5) Massive plant and animal graveyards

Small fossils

Massive graveyards of thousands and even millions of fish, dinosaurs, and mammals are seen in North America, Europe, and Africa.  The same is true of plants.  From Utah-Colorado north to Alberta-Saskatchewan, Canada, thousands of dinosaurs are found in certain beds such as the Morrison Formation.  Dinosaur National Monument in Utah has a visitor’s display where numerous dinosaurs are exposed.  Agate Fossil Beds National Monument is a good places to see numerous fossil mammals jumbled together.  Other parts of the world also illustrate fossil graveyards.  The city of Cincinnati, Ohio sits on top of a great mass of sea animals (Figure 4).  The Messel site near Frankfort, Germany, is also a most unusual collection of animals and plants.  These two sites along with others mentioned above reveal the following information:  1.  The burial of great quantities of animals together.  2.  Rapid burial and excellent preservation.  3. The presence of species now limited to different continents.  4.  The position of mammals that suggest death by drowning.  Geological processes as seen in the modern world cannot account for such unusual conditions.  A world-wide catastrophe involving water is the easiest explanation.

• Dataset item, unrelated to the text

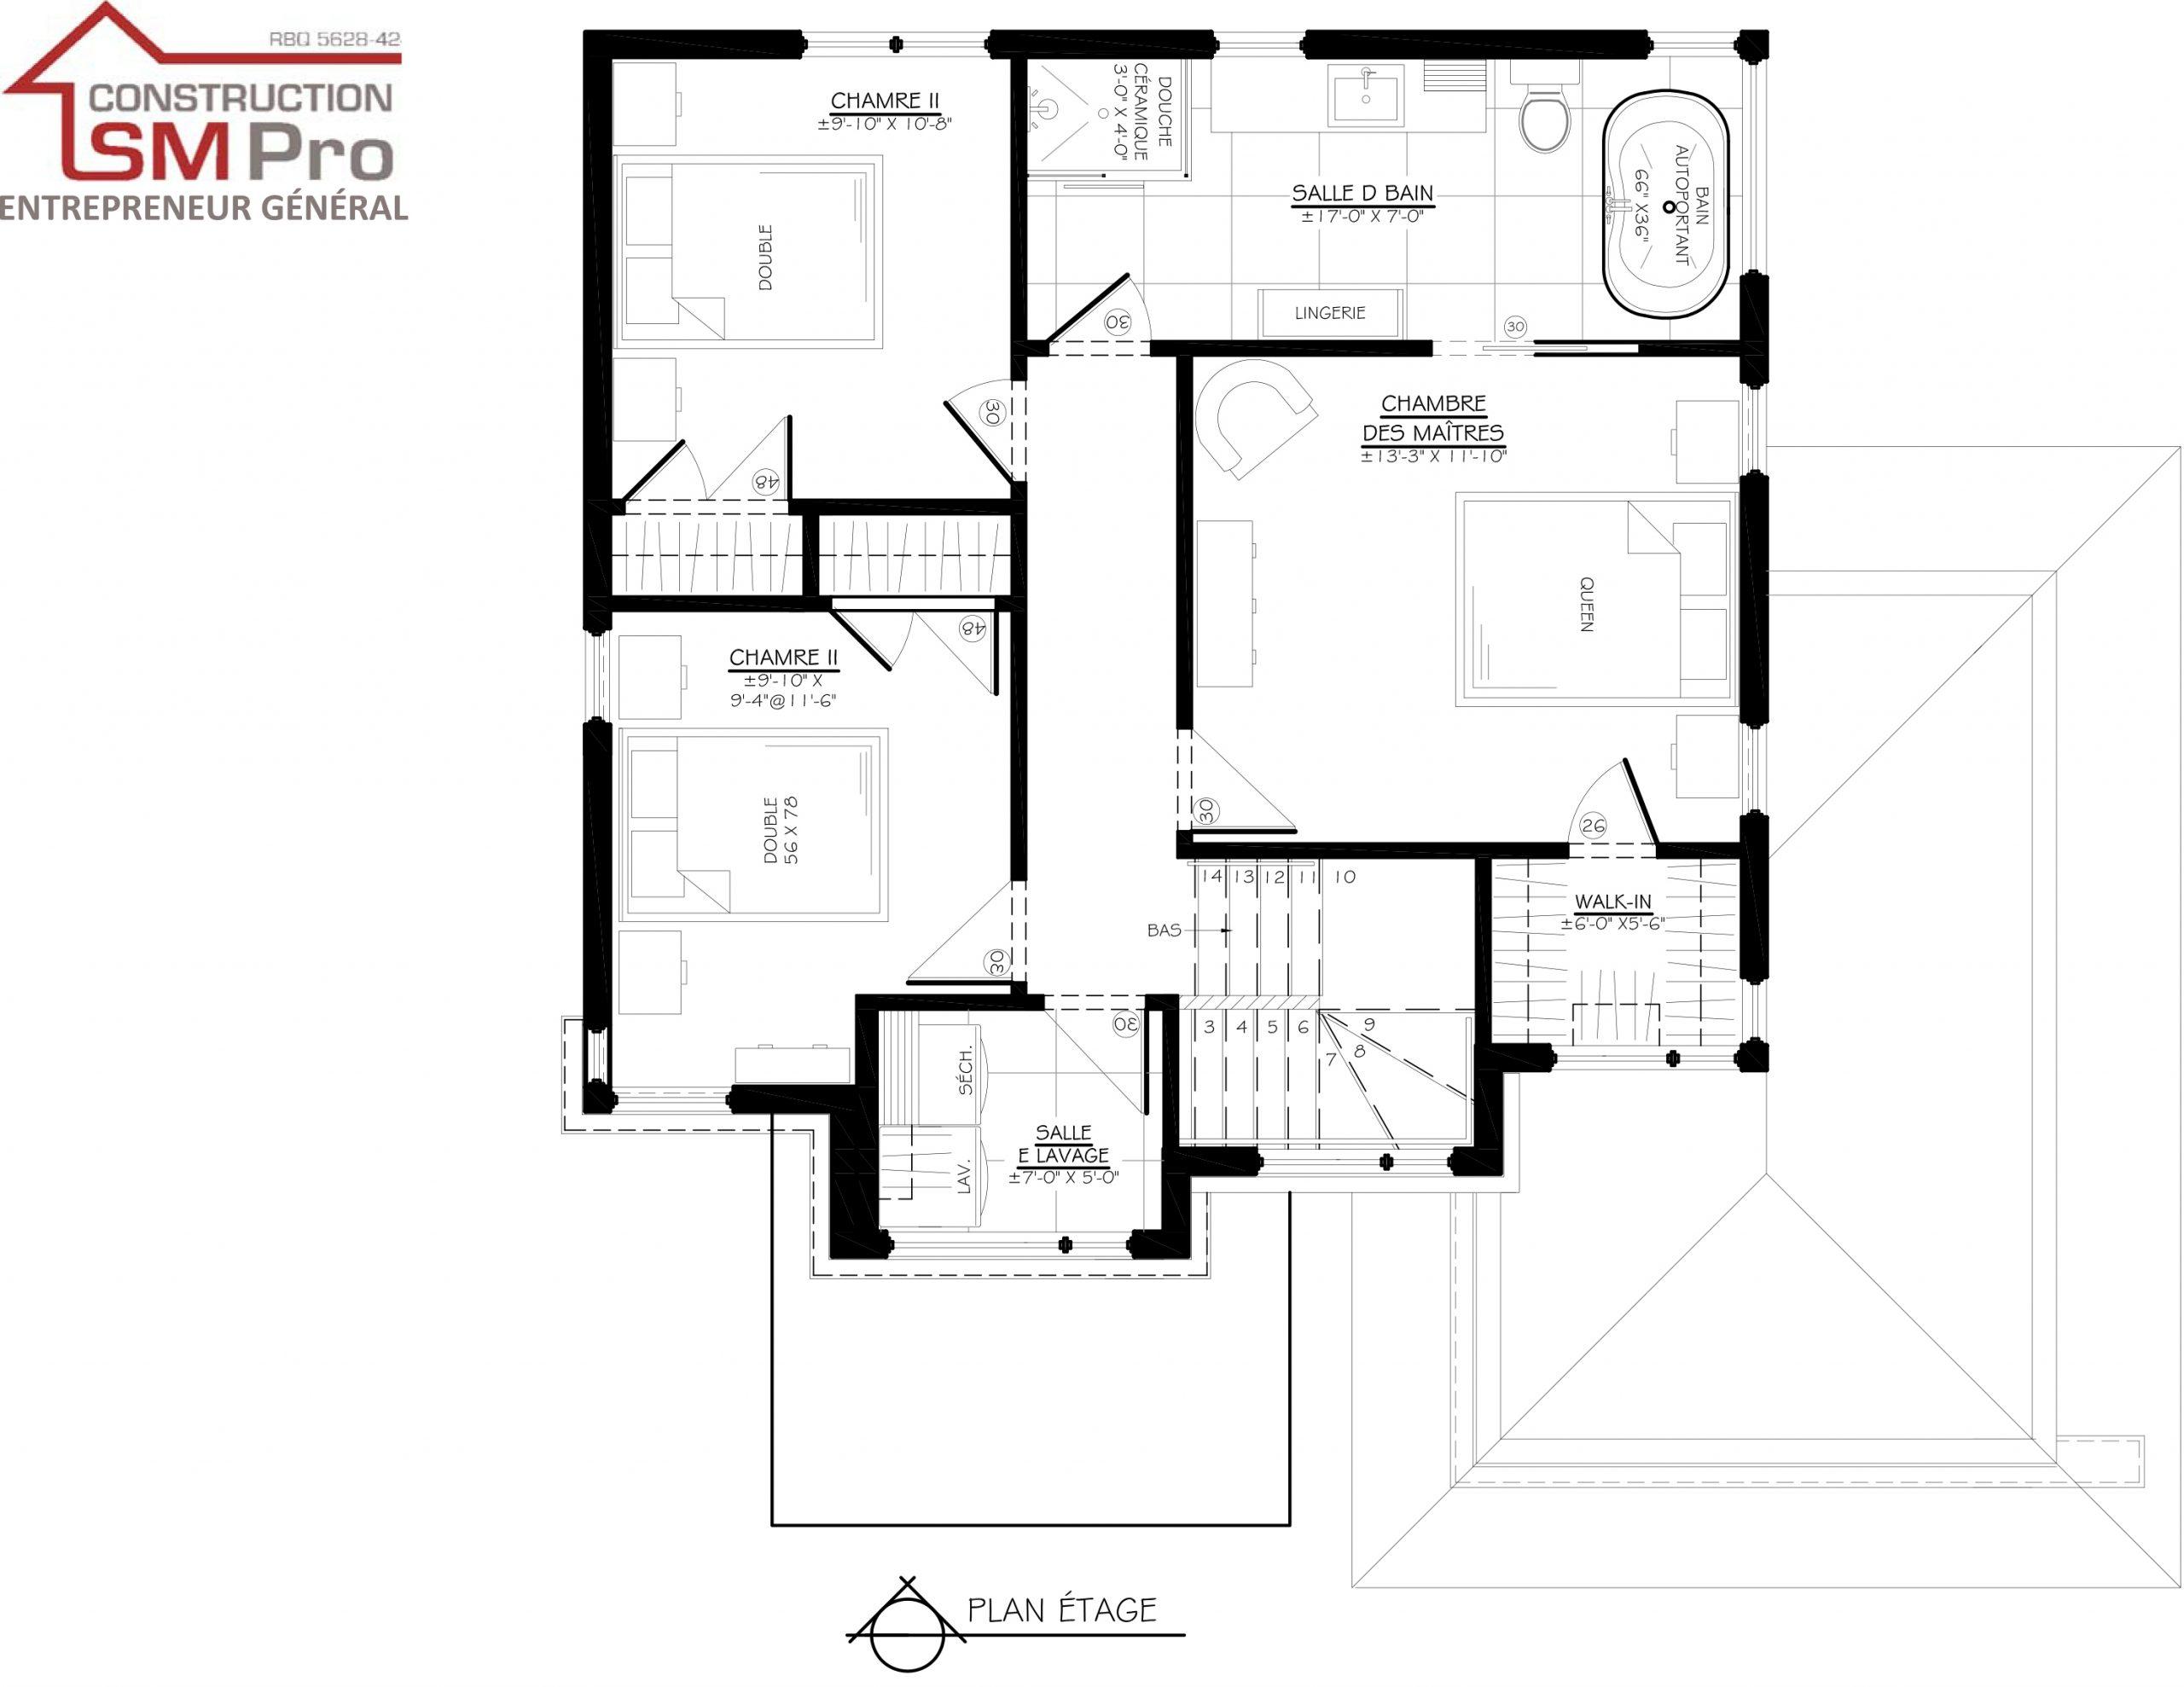 Construction SM Pro image modele ALEANZA Etage

6) Widely diverse fossil mixtures

figure5.jpg

A factor that needs further consideration is the mixing of widely diverse animals from different geographical areas and habitats.   In Germany the Geiseltel lignite (soft coal) deposit, is a fantastic mixture of a great variety of animals and plants from insects to mammals and birds and from deciduous trees to fungi.  The Santana Formation of Brazil mentioned above is a mixture of oceanic animals of various habitats.   Open ocean fish, bottom dwelling fish, fresh water fish, and sharks along with plants are all mixed together.  The petrified forests of the Yellowstone area contain trees from a number of different environments (Figure 5).  Species range from temperate (pines, redwoods, and willows) to tropical and exotic (figs, laurels, breadfruit, catsura, and cinnamon) and from semi-desert to rain forest types.  If the study of fossil pollen from the conglomerate beds that contain the Yellowstone petrified trees are included, more than 200 species have been identified.  How could such unusual mixtures be brought together and buried except by unusual catastrophic transport by water?  A final example of unexpected fossil mixtures is seen in amber (petrified pitch).  It is easy to understand how insects could be caught in sticky pitch and wind could blow pieces of leaves and even flowers into the pitch but how could sea animals such as coral be included?  Waves or strong currents from the sea must have broken up and carried bits of coral that stuck to the pitch before it became hard or petrified.

These are only a few of many examples from the study of the earth and its contained fossils that support a major world-wide flood.  We can trust the Genesis record as a true account of an event in the past that affected the whole world.